Estados Unidos volvió a pedir informaciones sobre los subsidios que concede el gobierno brasileño a la agricultura. Les preocupa en especial el respaldo ofrecido a las cadenas productivas de maíz, trigo y arroz a través de programas de subsidios a la distribución de la producción. El principal es el Programa de Distribución del Producto (PEP), que subsidia el flete en las regiones de logística más difíciles, como Mato Grosso.
La semana pasada, durante la reunión del Comité de Agricultura de la Organización Mundial de Comercio (OMC) en Ginebra, los estadounidenses pidieron datos sobre volumen y valores exportados vía PEP en los últimos años.
Ese pedido tiene un objetivo claro de presionarnos para, que demos una respuesta en la OMC. Podemos no llegar a ese punto, pero la presión es fuerte, dijo una fuente del ministerio de Agricultura. Según esa voz, hubo cerca de 240 avisos de PEP para exportación en los últimos cuatro años.

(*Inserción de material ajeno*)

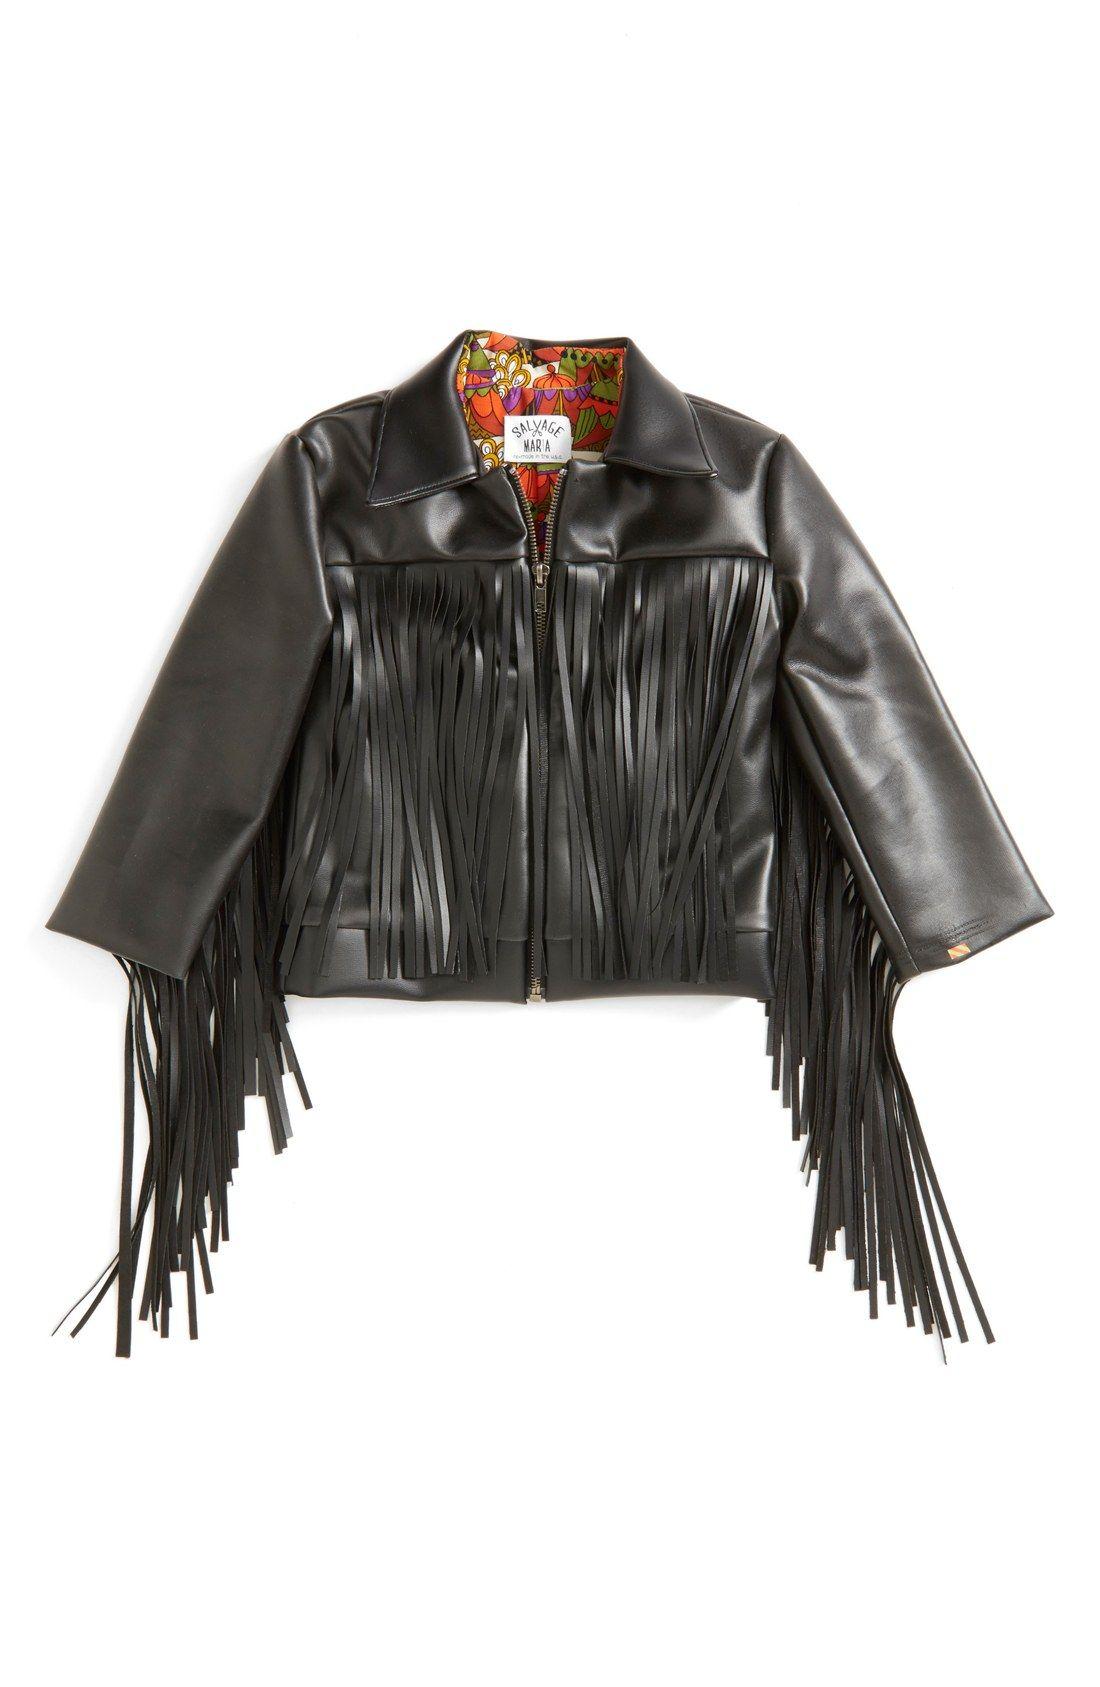 Tmrw Tgthr Pop In Nordstrom Nordstrom Fringe Leather Jacket Toddler Girl Fringe Rock Star Outfit [ 1687 x 1100 Pixel ]

A pesar de que el pedido de información no es una novedad, existe en el gobierno una preocupación por el exceso de maíz en esta cosecha. De acuerdo con el último relevamiento de la cosecha de la Compañía Nacional de Abastecimiento (Conab), el país producirá un volumen record de 76 millones de toneladas en 2013, 4 millones más que el año pasado. En contrapartida, la estatal proyecta una caída de las exportaciones, de 22 millones a 15 millones de toneladas. La expectativa es que los stocks de pasaje lleguen a 15,5 millones de toneladas.

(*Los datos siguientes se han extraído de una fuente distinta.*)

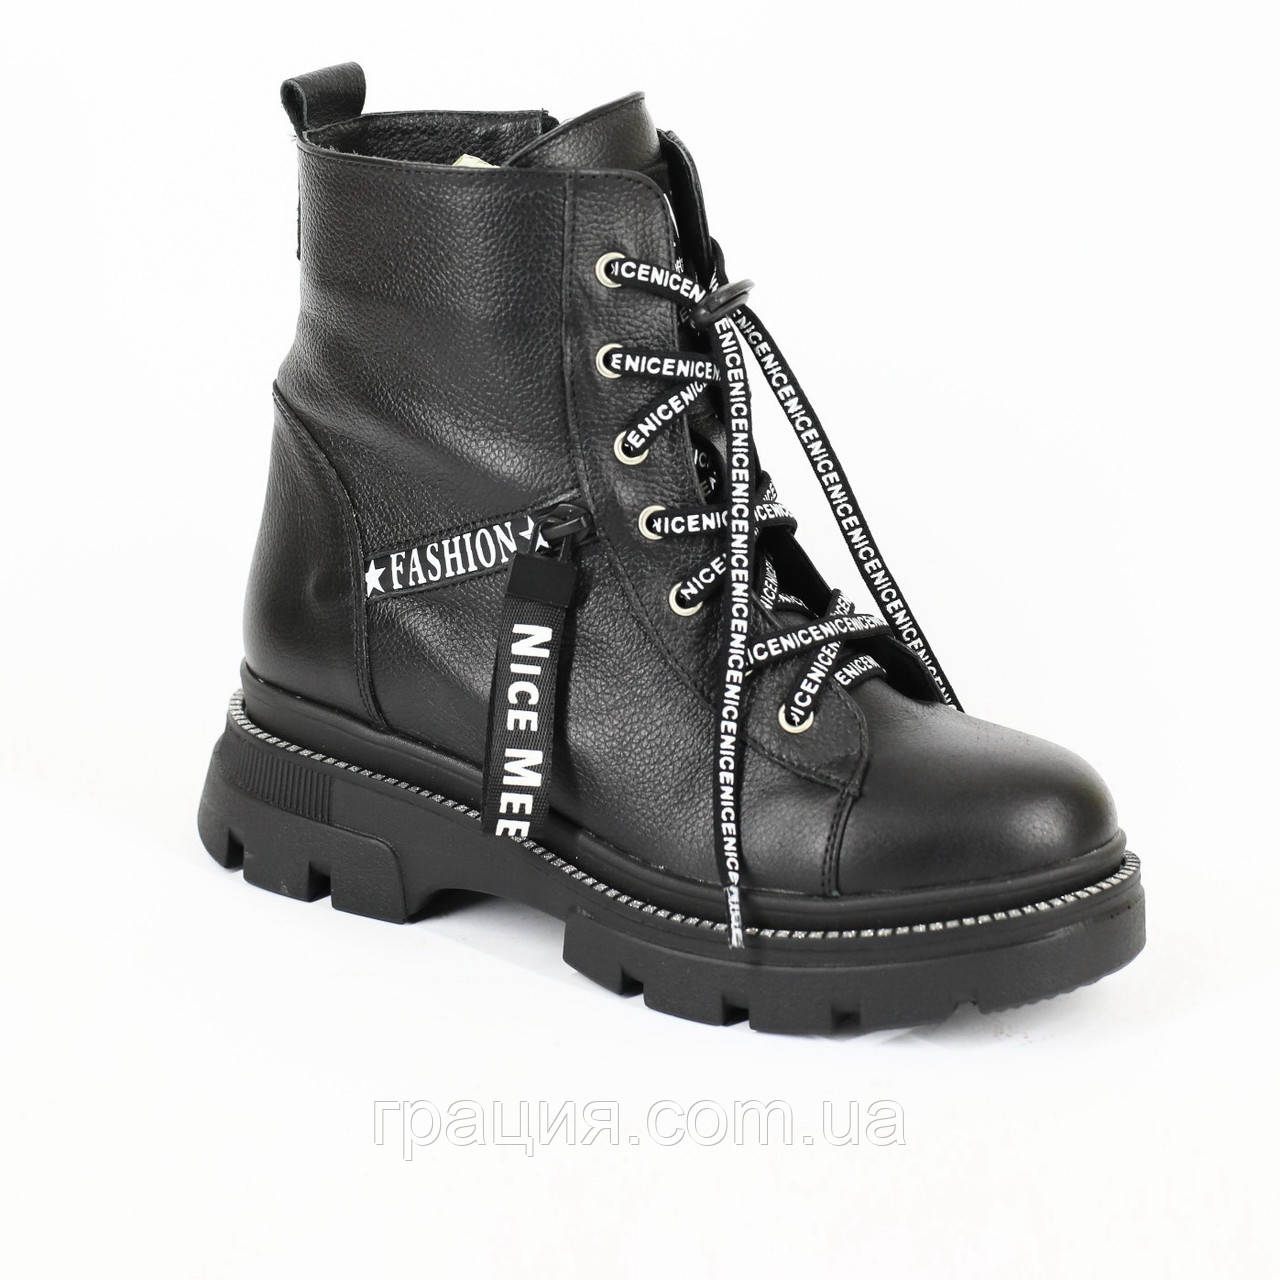 Стильные молодежные зимние ботинки кожаные

Para enfrentar el tema, el gobierno analizaba realizar una licitación de PEP para la distribución de 4 millones de toneladas de Mato Grosso a un costo estimado en R$ 1.000 millones. Fuentes informaron que la propia Secretaría de Relaciones Internacionales del ministerio de Agricultura desestimó la sugerencia.
En respuesta a cuestionamientos anteriores, Agricultura explicó que el mecanismo sirve solamente para cumplir la ley de Precios Mínimos, evitando el exceso de producto en el país y la caída de los precios. Al mismo tiempo, Estados Unidos se queja por los subsidios, con el argumento de que el PEP representa una ayuda financiera a la exportación, garantizando un precio competitivo en el exterior, lo que estaría prohibido.
El secretario de Relaciones Internacionales de Agronegocios del ministerio de Agricultura, Célio Porto, negó que el gobierno esté preocupado por el pedido. No es la primera vez que somos cuestionados en esa área y siempre probamos que no hay nada raro. Los americanos no están preocupados con el maíz y sí con el trigo y el arroz, y estamos juntando la documentación para entregarla en la próxima reunión que será en Ginebra el día 26, dijo Porto.
El gobierno federal, a través de la Compañía Nacional de Abastecimiento (Conab) informó que, entre 2008 y 2010, se realizaron 43 avisos de PEP de maíz, con negociación de 16 millones de toneladas y subsidio por R$ 1.500 millones. En 2011 y 2012 no se realizaron subastas del PEP para maíz porque el grano se ubica encima de los precios mínimos. En el caso del arroz, se realizaron 21 avisos a través del PEP entre 2010 y 2011, que movieron 1,6 millones de toneladas y consumieron R$ 200 millones.